**Task description:**
The answer is the data below, repeated exactly, with no pictures included.
===== Dataset content =====
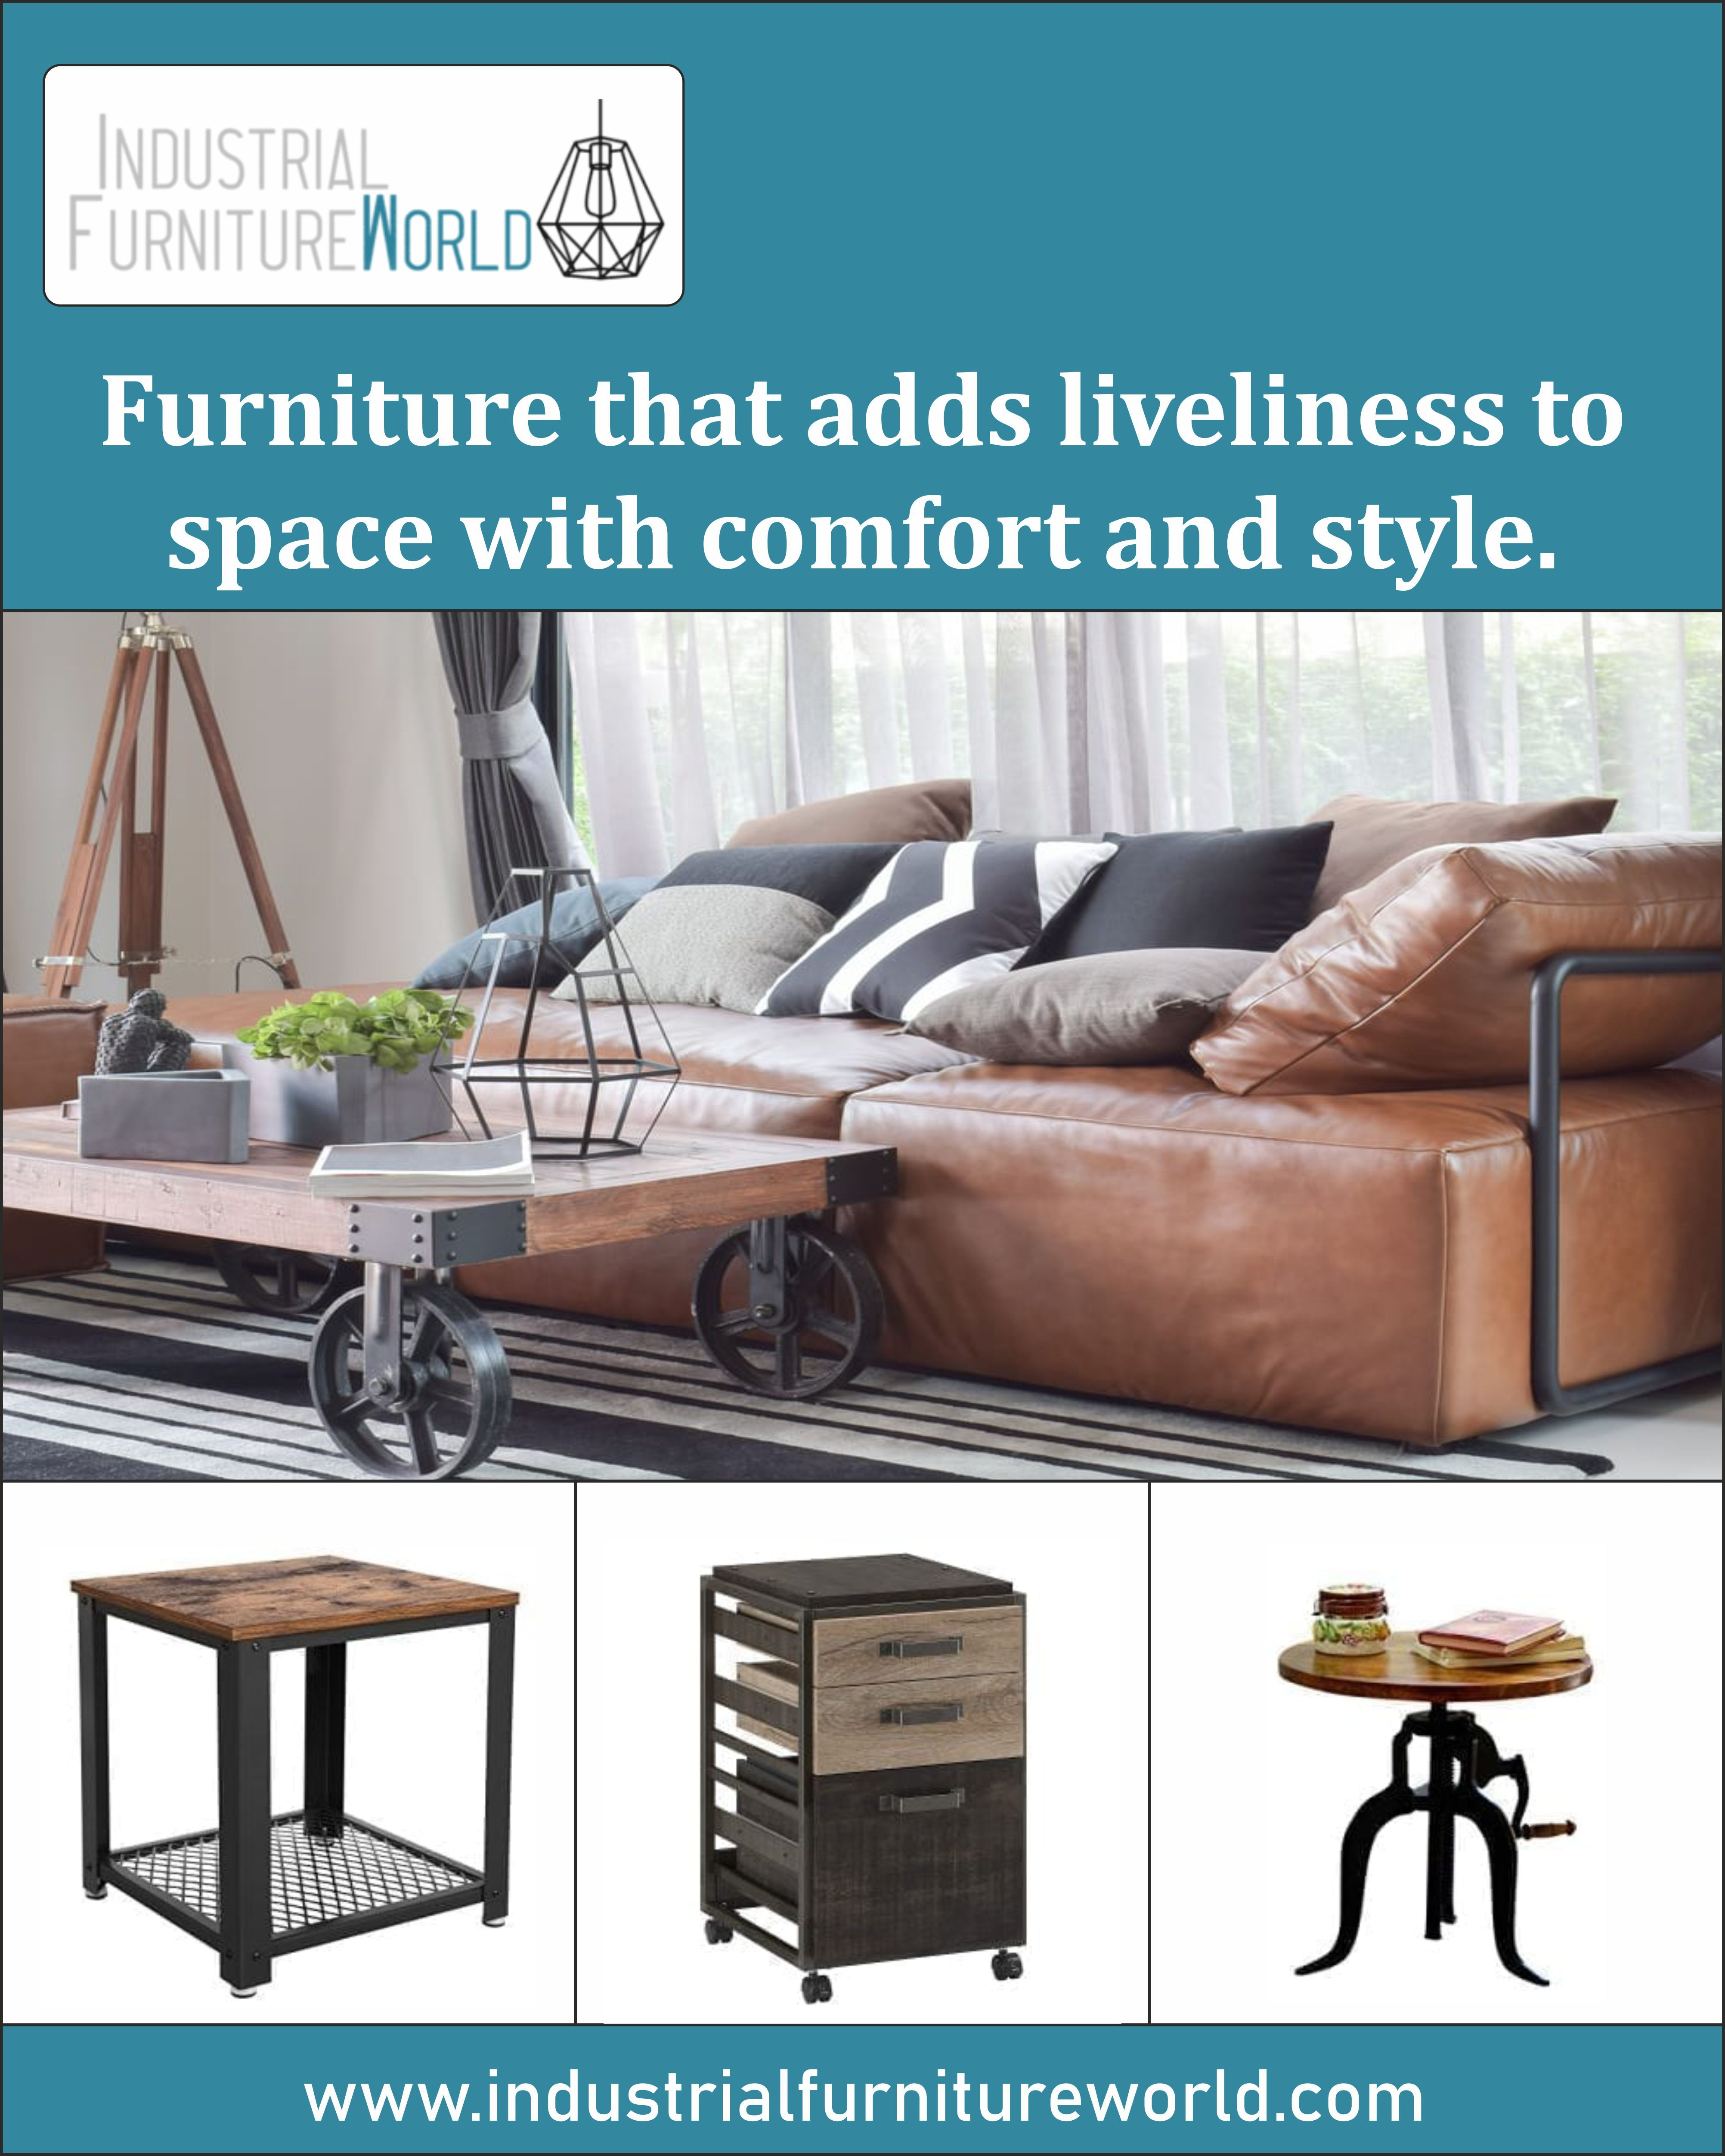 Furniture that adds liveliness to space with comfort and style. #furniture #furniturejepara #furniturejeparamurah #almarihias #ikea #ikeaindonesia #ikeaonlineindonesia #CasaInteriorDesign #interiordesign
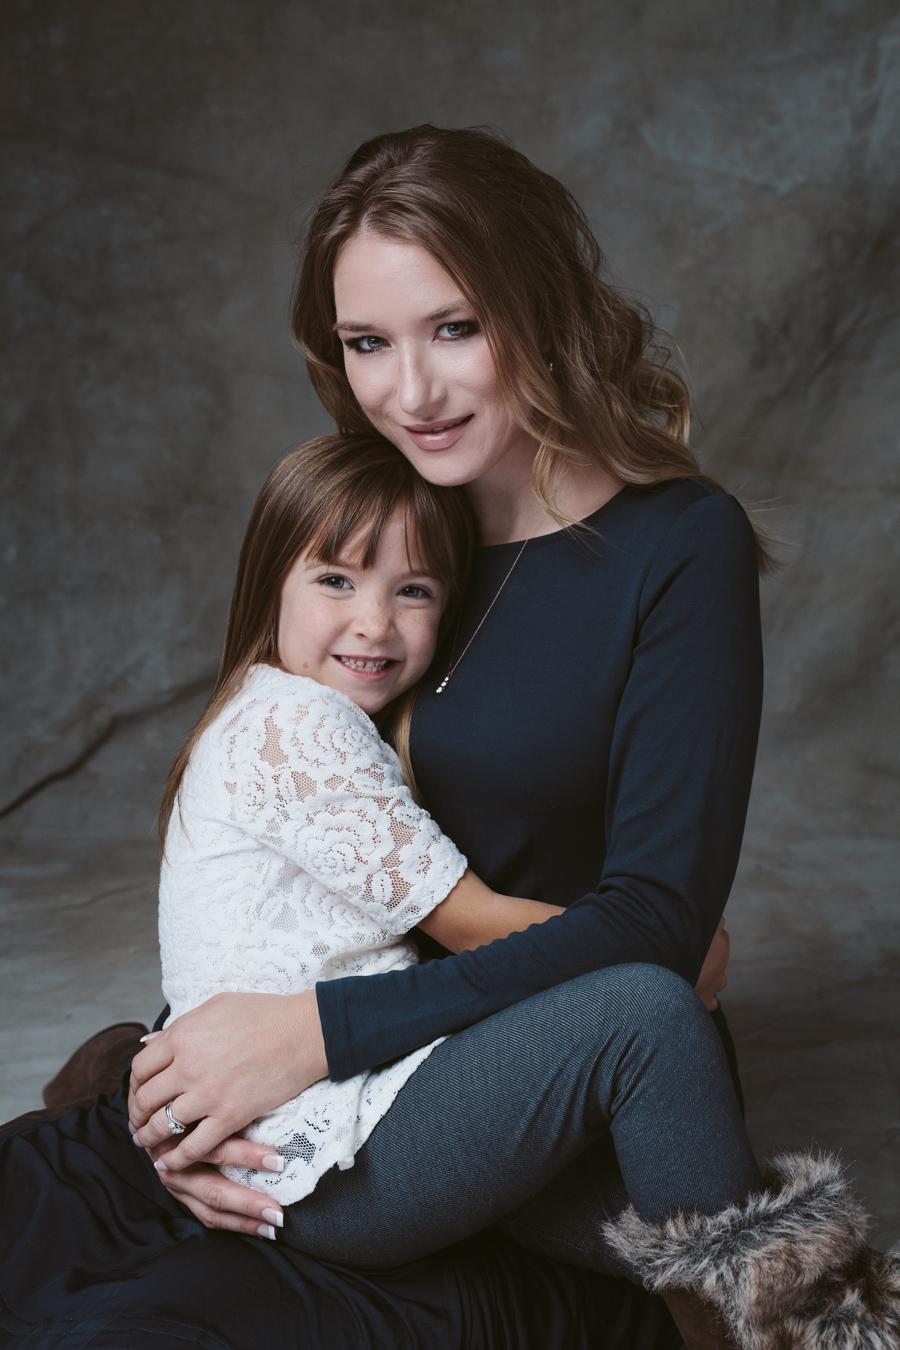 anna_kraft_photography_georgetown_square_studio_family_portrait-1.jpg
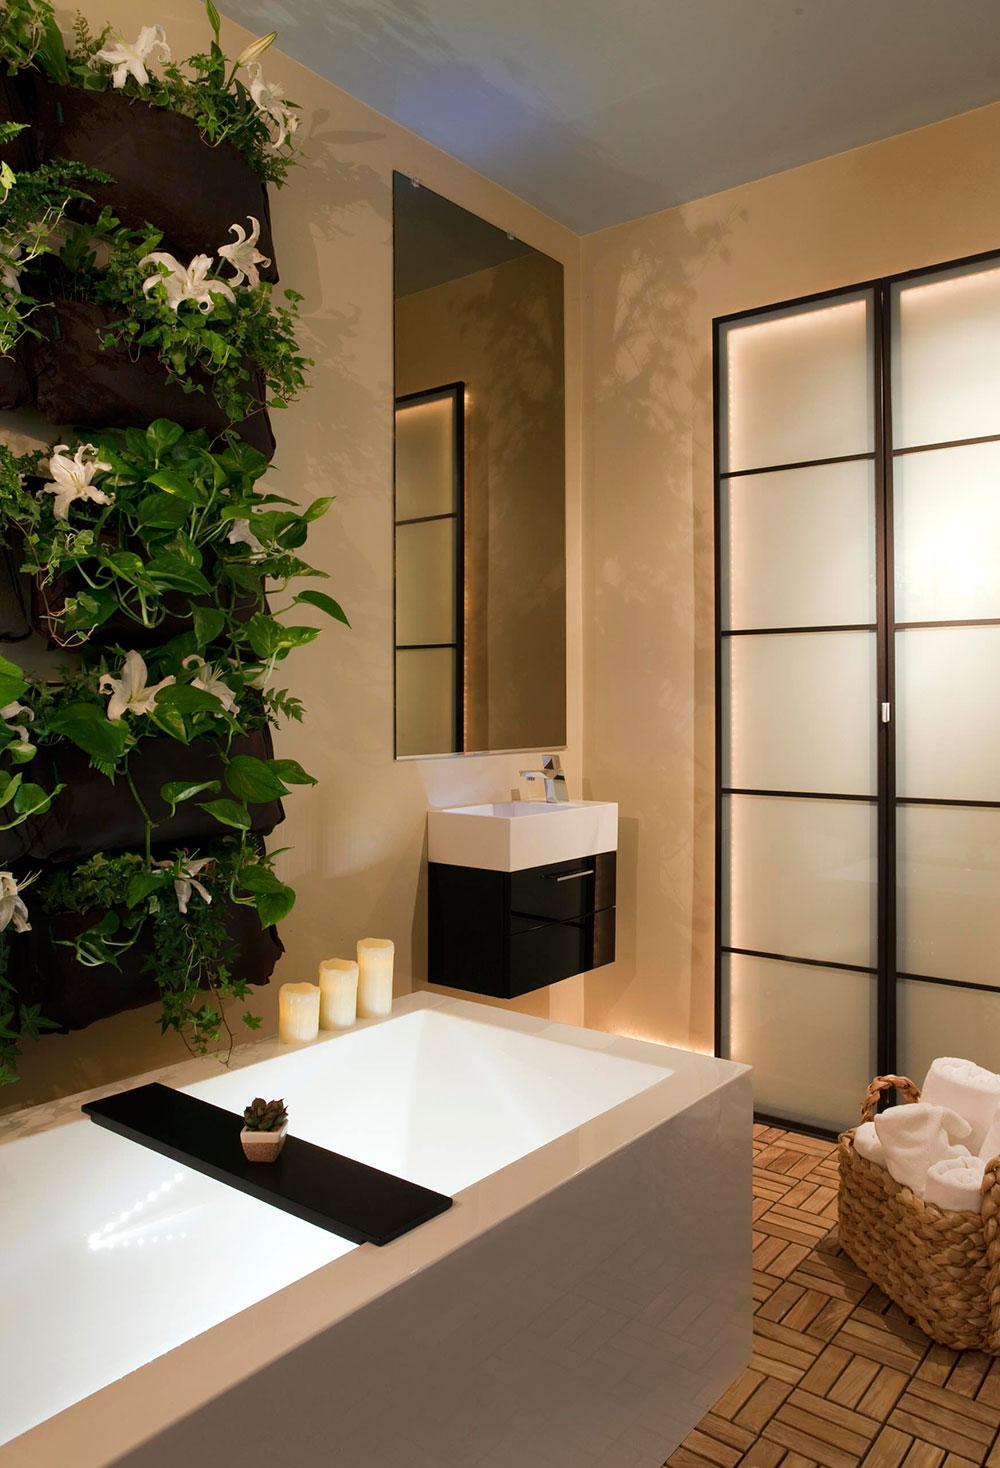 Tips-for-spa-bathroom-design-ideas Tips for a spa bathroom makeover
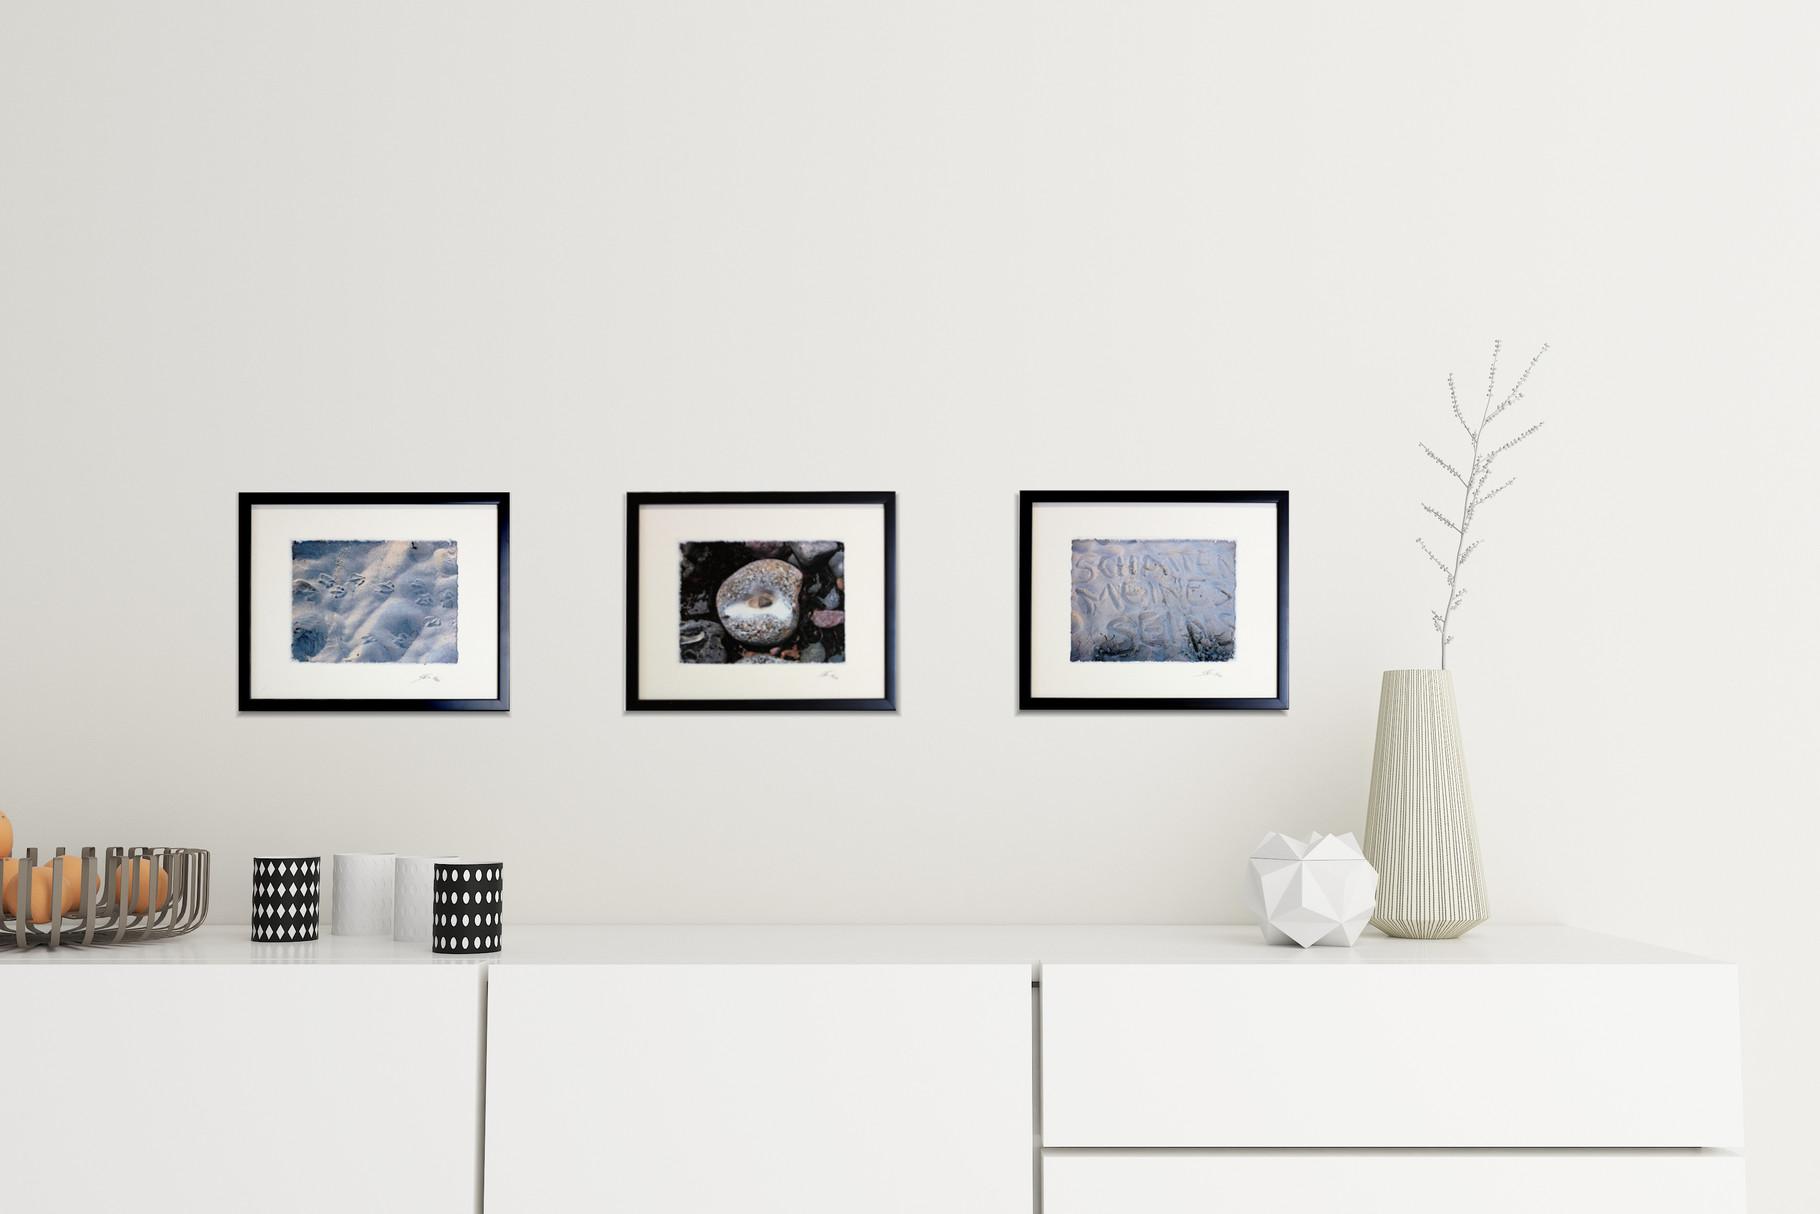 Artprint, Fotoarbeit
=====
**Exercise answer:**
 Furniture that adds liveliness to space with comfort and style. #furniture #furniturejepara #furniturejeparamurah #almarihias #ikea #ikeaindonesia #ikeaonlineindonesia #CasaInteriorDesign #interiordesign
 anna_kraft_photography_georgetown_square_studio_family_portrait-1.jpg
 Tips-for-spa-bathroom-design-ideas Tips for a spa bathroom makeover
 Artprint, Fotoarbeit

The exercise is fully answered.